How impedance flow cytometry can help you significantly increase the efficiency of microspore culture. 

Introduction – About the Author, Dr. Federica Assenza

Hello Pollen Experts, this is Federica. For almost 2 years I have been working at Amphasys in the Customer Support and Consulting team. Before joining Amphasys I spent many years in the lab, busy in planta, protoplasts, or purely molecular assays. Since I started visiting our customers, I have met those who use our technology for development of haploid plants. They need to spend a substantial amount of time in optimizing methods, just like I had to in my old days in the lab, but they seem to have found a shorter path to the goal. Thus, I decided to share also with you all the a few ways in which impedance flow cytometry can come in handy for the analysis of microspores, in the hope that your experiments will accelerate. 

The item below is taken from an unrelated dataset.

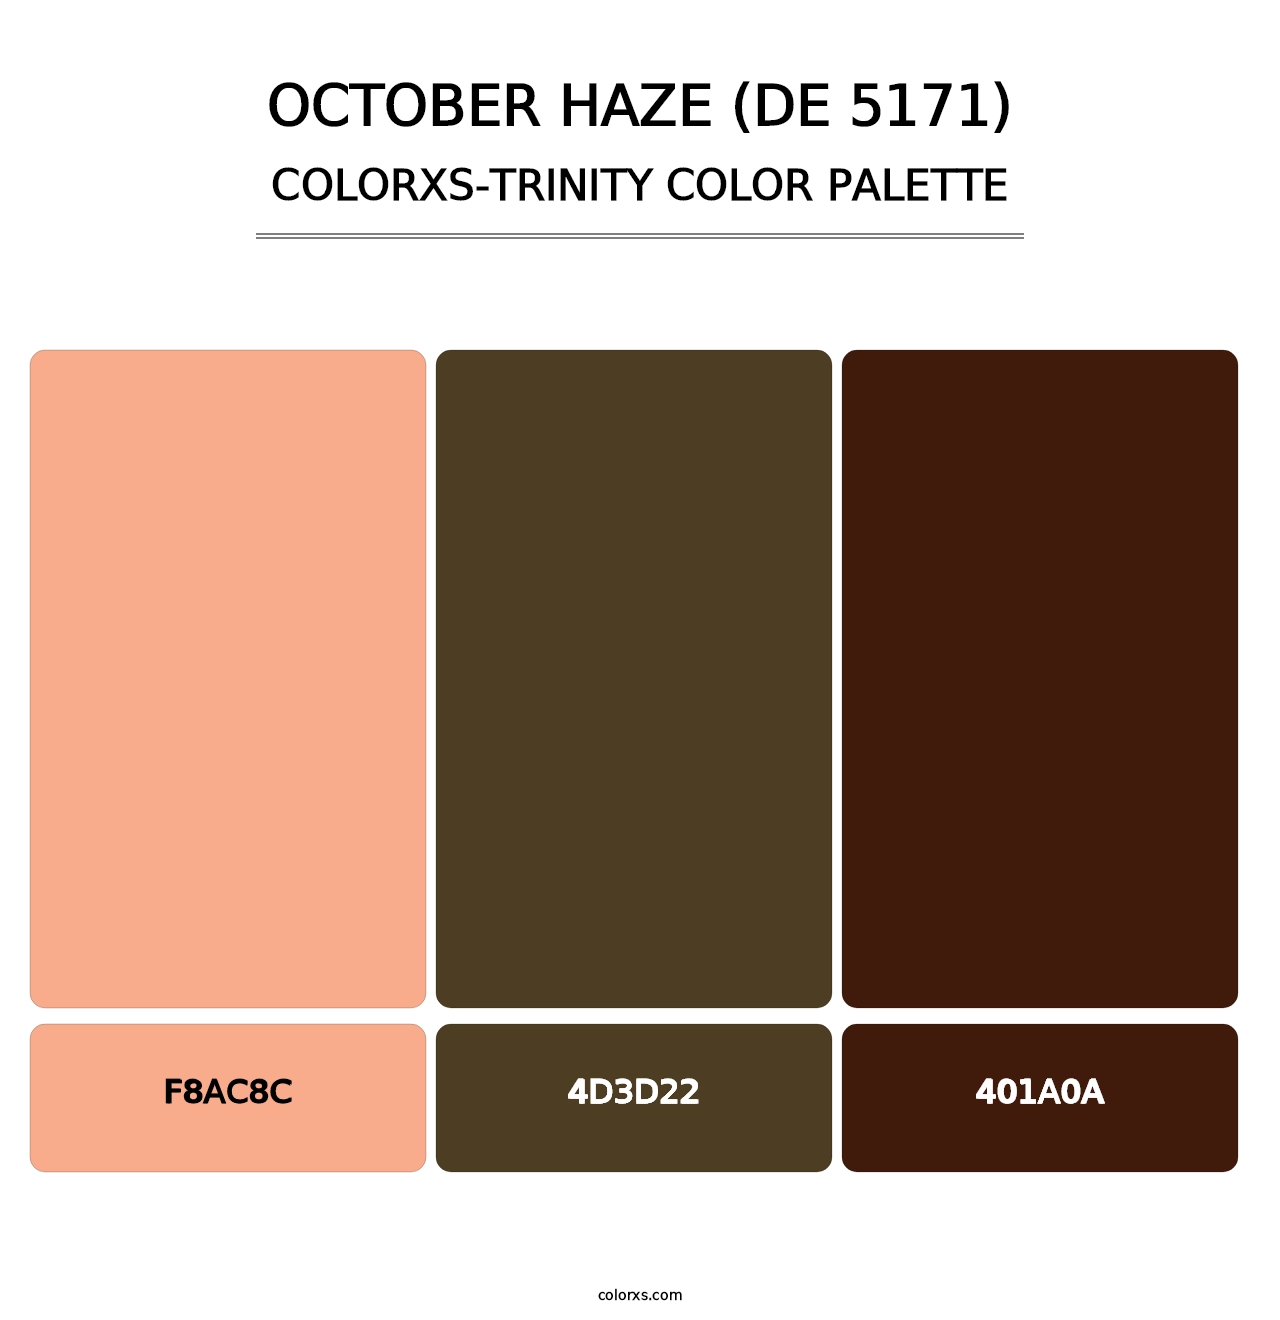 October Haze (DE 5171) - Colorxs Trinity Palette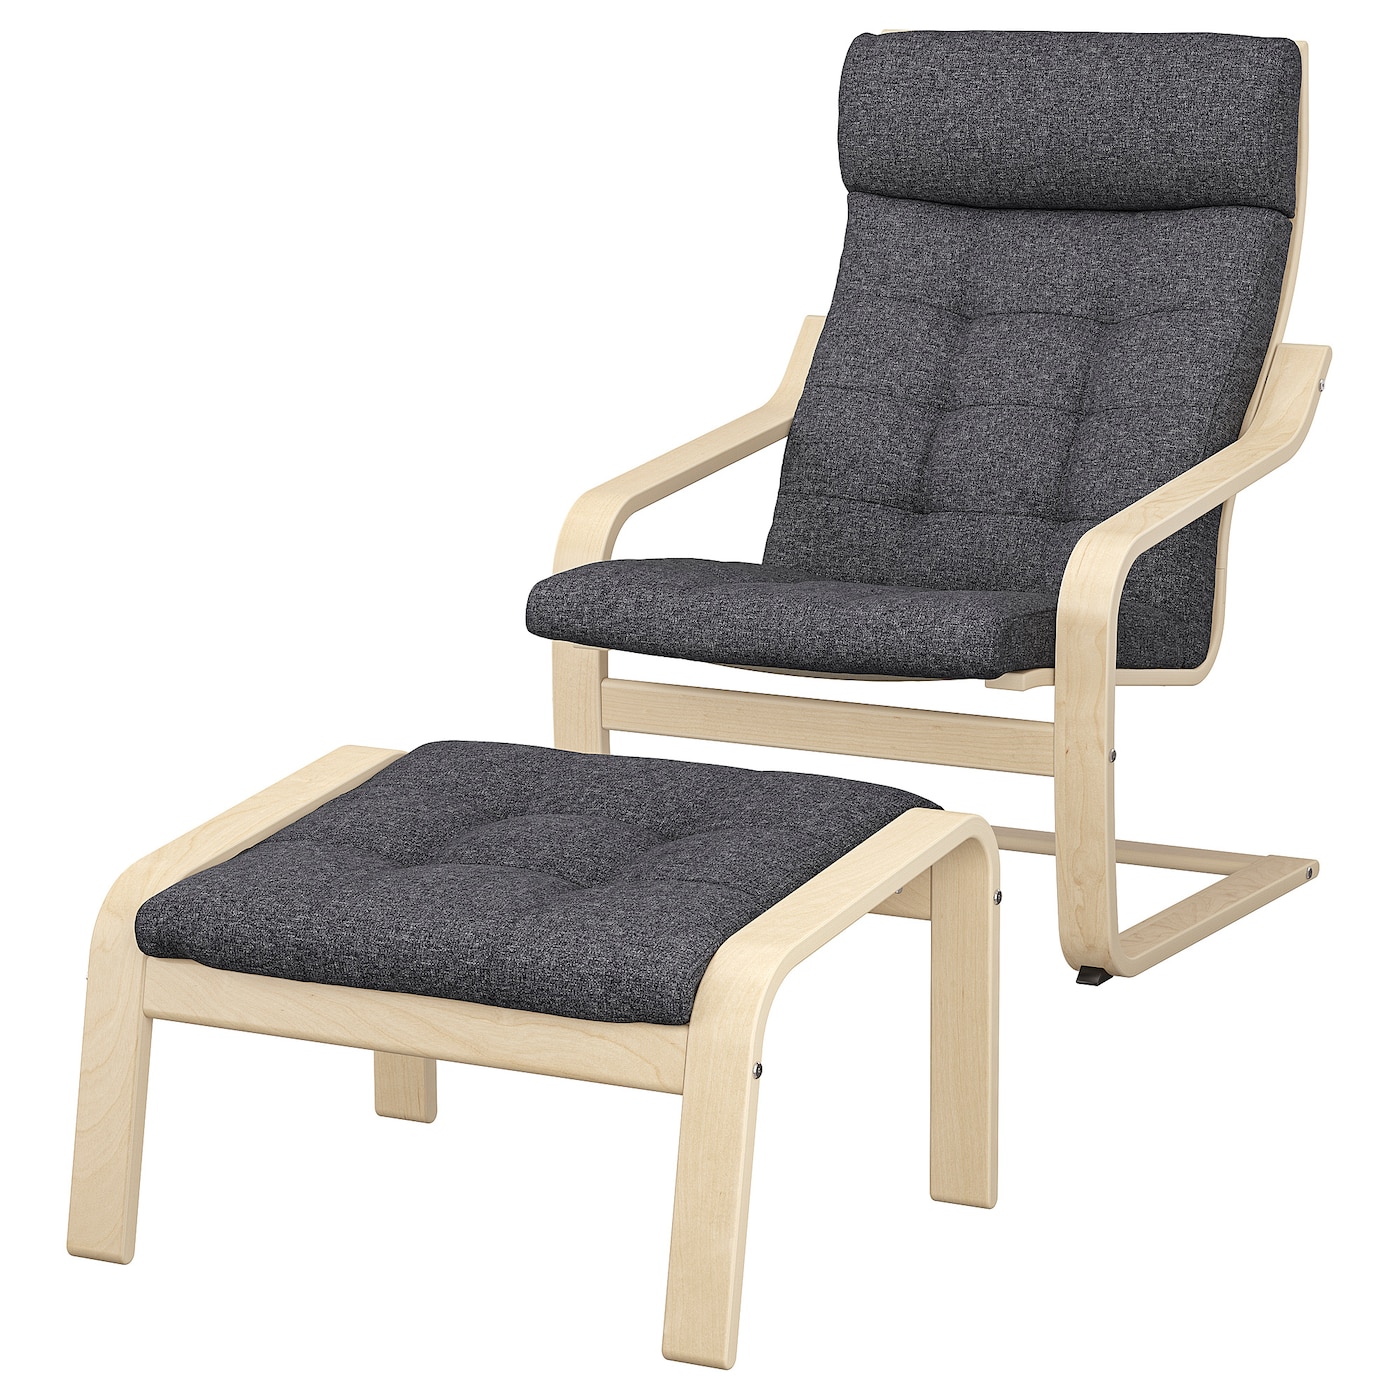 ПОЭНГ Кресло и подставка для ног, березовый шпон/Гуннаред темно-серый POÄNG IKEA

What this Article is About

Double haploid (DH) plants are nowadays a widespread tool in plant breeding, genetic research, and biotechnology. However, many scientists are still waiting to see their favorite species or even genotype a doubled haploid individual. Unfortunately, there is no universal protocol, instead much finetuning is required at all the steps of the process from the gamete – male or female – to the diploidized plant. 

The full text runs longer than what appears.